Гриша, войдя в роль, громко рассказывает отборные армянские анекдоты, и, если бы такое в обычное время, все падали бы от хохота, Егор Тихий делается на самом деле тихим и незаметным, потому — тоже все знают — умеет он встрять невпопад и подпортить дело. Игорь Рыжов вовсе исчезает куда-то. Не любит Мошкара, если во время приемки маячит перед глазами эта тельняга. Вообще не любит без особой необходимости смотреть на Рыжова. Но это особая статья. Словом, разыгрывается на котельном участке настоящий спектакль.
Но все это пока предстоит. До этого еще далеко. Пресс-толкач тюкает и тюкает тонким штоком в пофыркивающий цилиндр, черная стрелка все ближе и ближе к финишу, никто не обнаружил пока ни «слез», ни «отпотин», и такая тишина стоит в пролете, что дзенькающее пофыркивание пресса воспринимается как нечто нереальное. Еще немного, всего два маленьких деления, две коротеньких черточки до этого заветного финиша. Егор Тихий не выдерживает, чуть приподнимает левую руку, но сразу же опускает ее, цепляется пальцами за край цилиндра. Генка Топорков изогнулся влево, чтоб всем корпусом, всей силой своего не шибко мощного тела навалиться на маховик вентиля и перекрыть доступ воды в систему. Гриша Погасян достал носовой платок и машинально, как чтец-декламатор перед новым усилием, вытирает губы. Чуков смотрит на белую розетку, куда вот-вот воткнет вилку переноски. Павлов положил правую руку на колено. Он готов и к жизни и к смерти. Если все благополучно — мгновение — и в руке новая пачка сигарет, если… Но не дай бог, не дай бог.

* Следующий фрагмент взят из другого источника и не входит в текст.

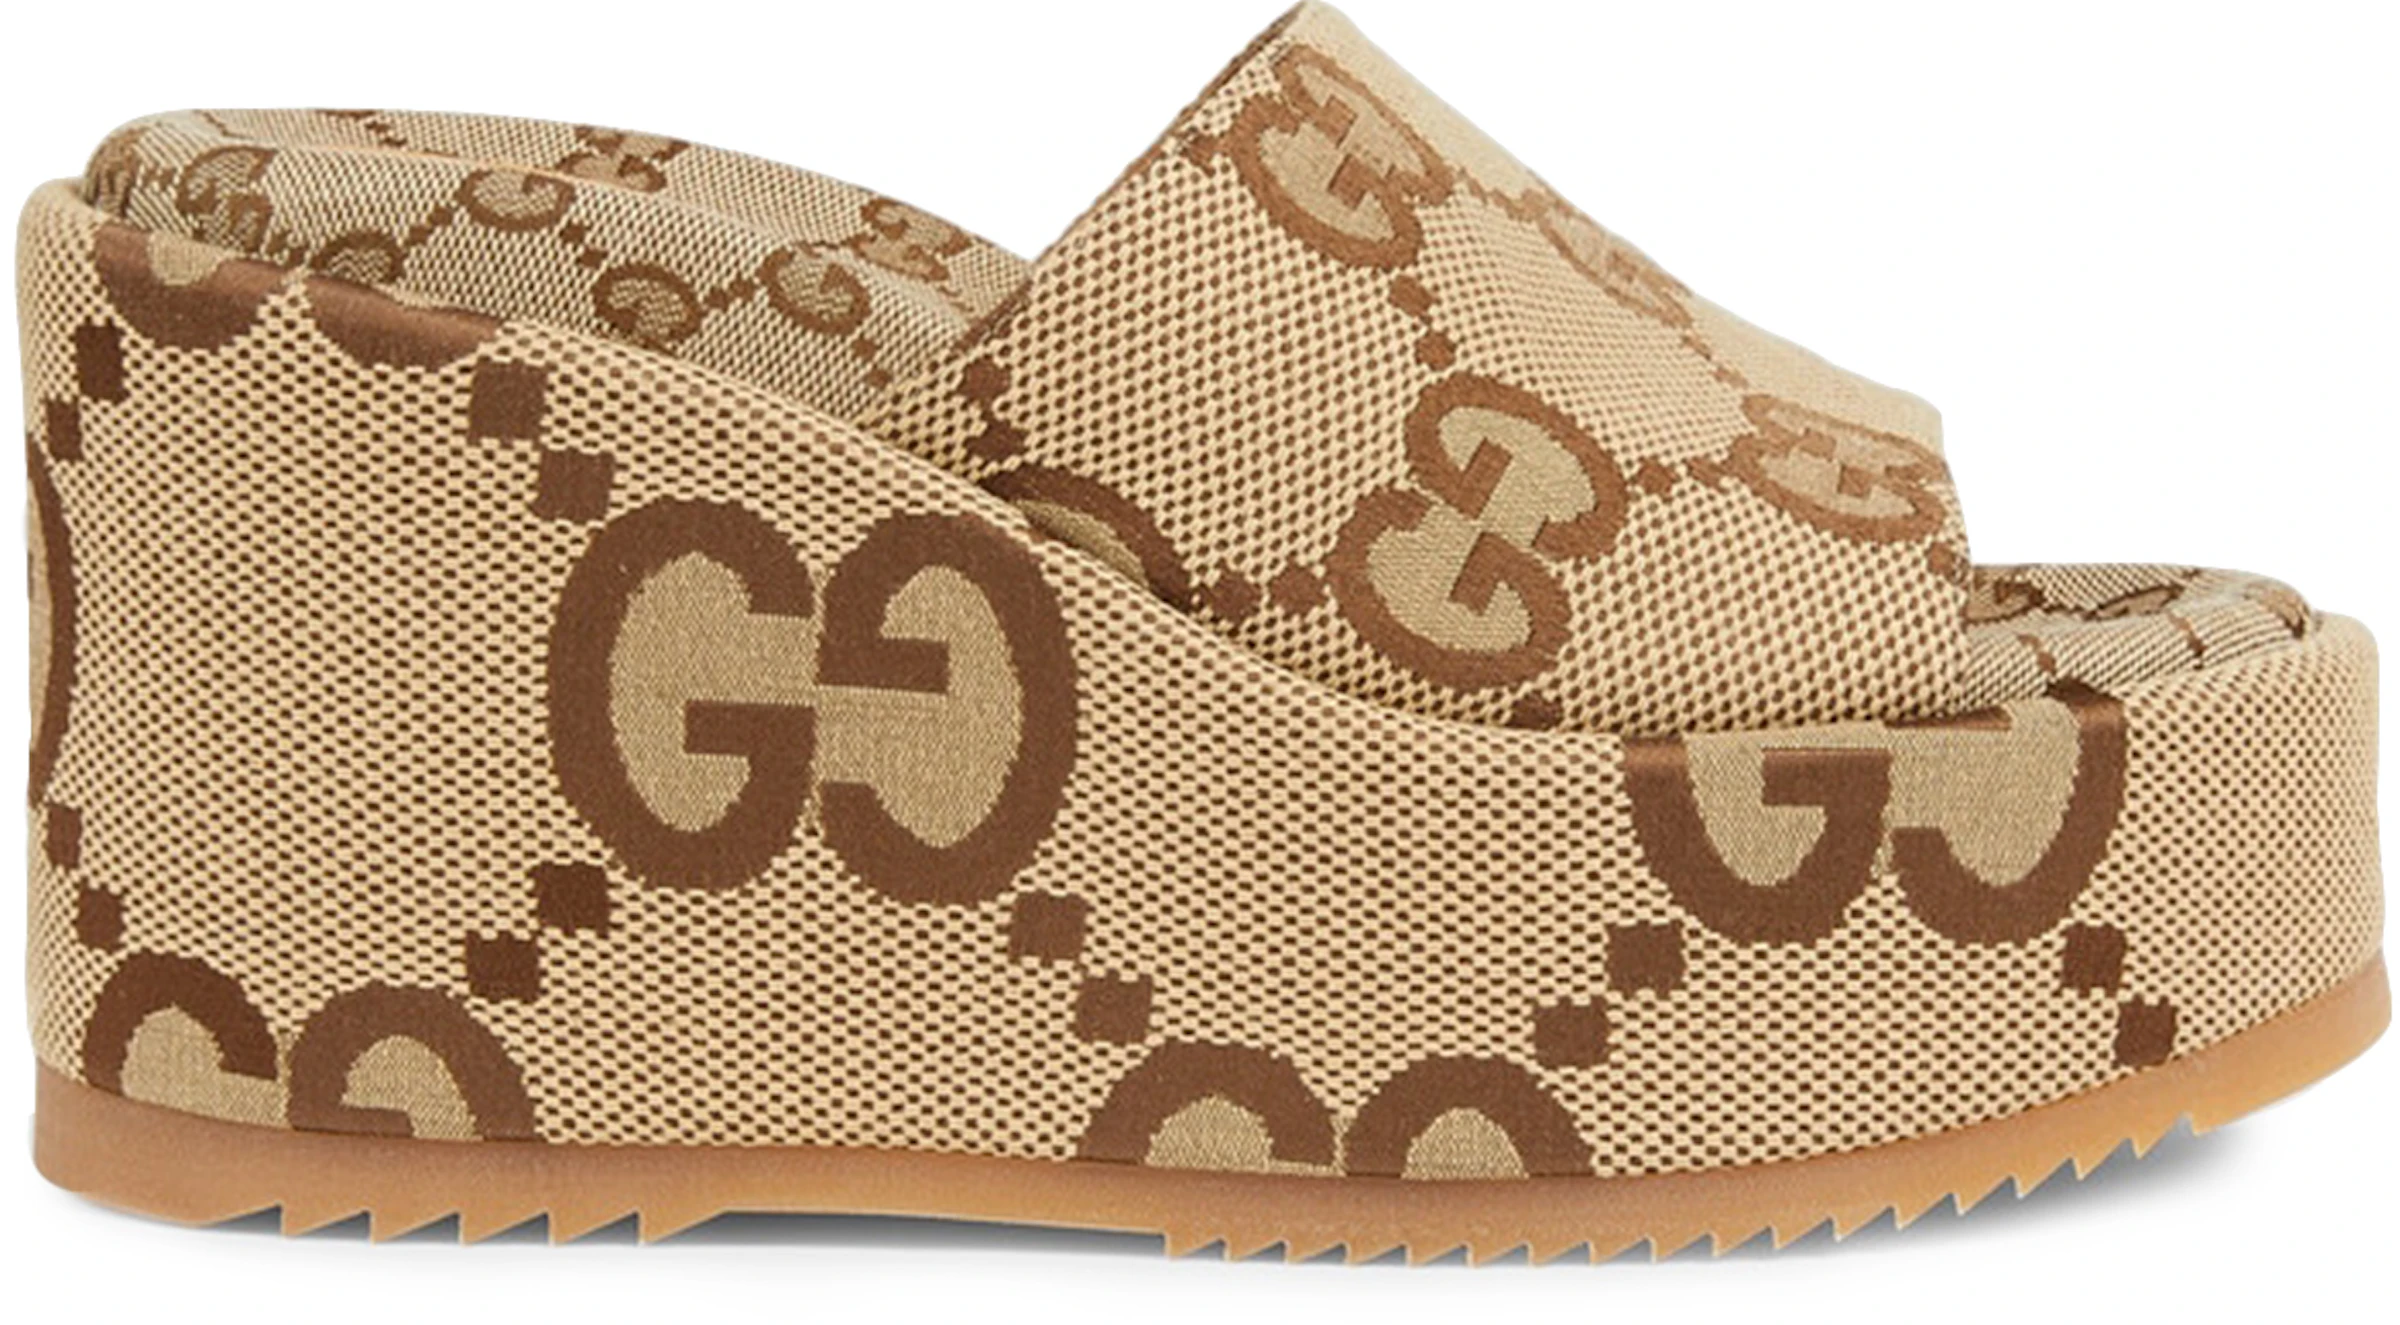 Gucci 105mm Platform Slide Sandal Beige GG Canvas - 674761 UKO00 2580 - US

Все. Коснулась черная стрелка красной черты. До половины прикрыла ее. Мгновение, еще одно мгновение, надо, чтоб по бокам черного появились тоненькие полосочки красного. С обеих сторон по тоненькой полосочке.
Взмах руки. Несколько отточенных движений — и полная тишина в пролете, такая полная, что появись тут сейчас обыкновенная муха, за бомбардировщик примут ее. Ждут люди. Еще минута ожидания и…
— А-а-а-а! — раздается истошный, совсем не человеческий, потрясающе возмущенный и гневный вскрик. Все, кто был в пролете, может, вообще в цехе, увидали Павлова. Стоит человек на сферическом барабане котла, воздел руки к небу и замер, сам сраженный собственным вскриком. Левая рука медленно опустилась и указала на спаренную трубу-калорифер, изогнутую калачом у его ног.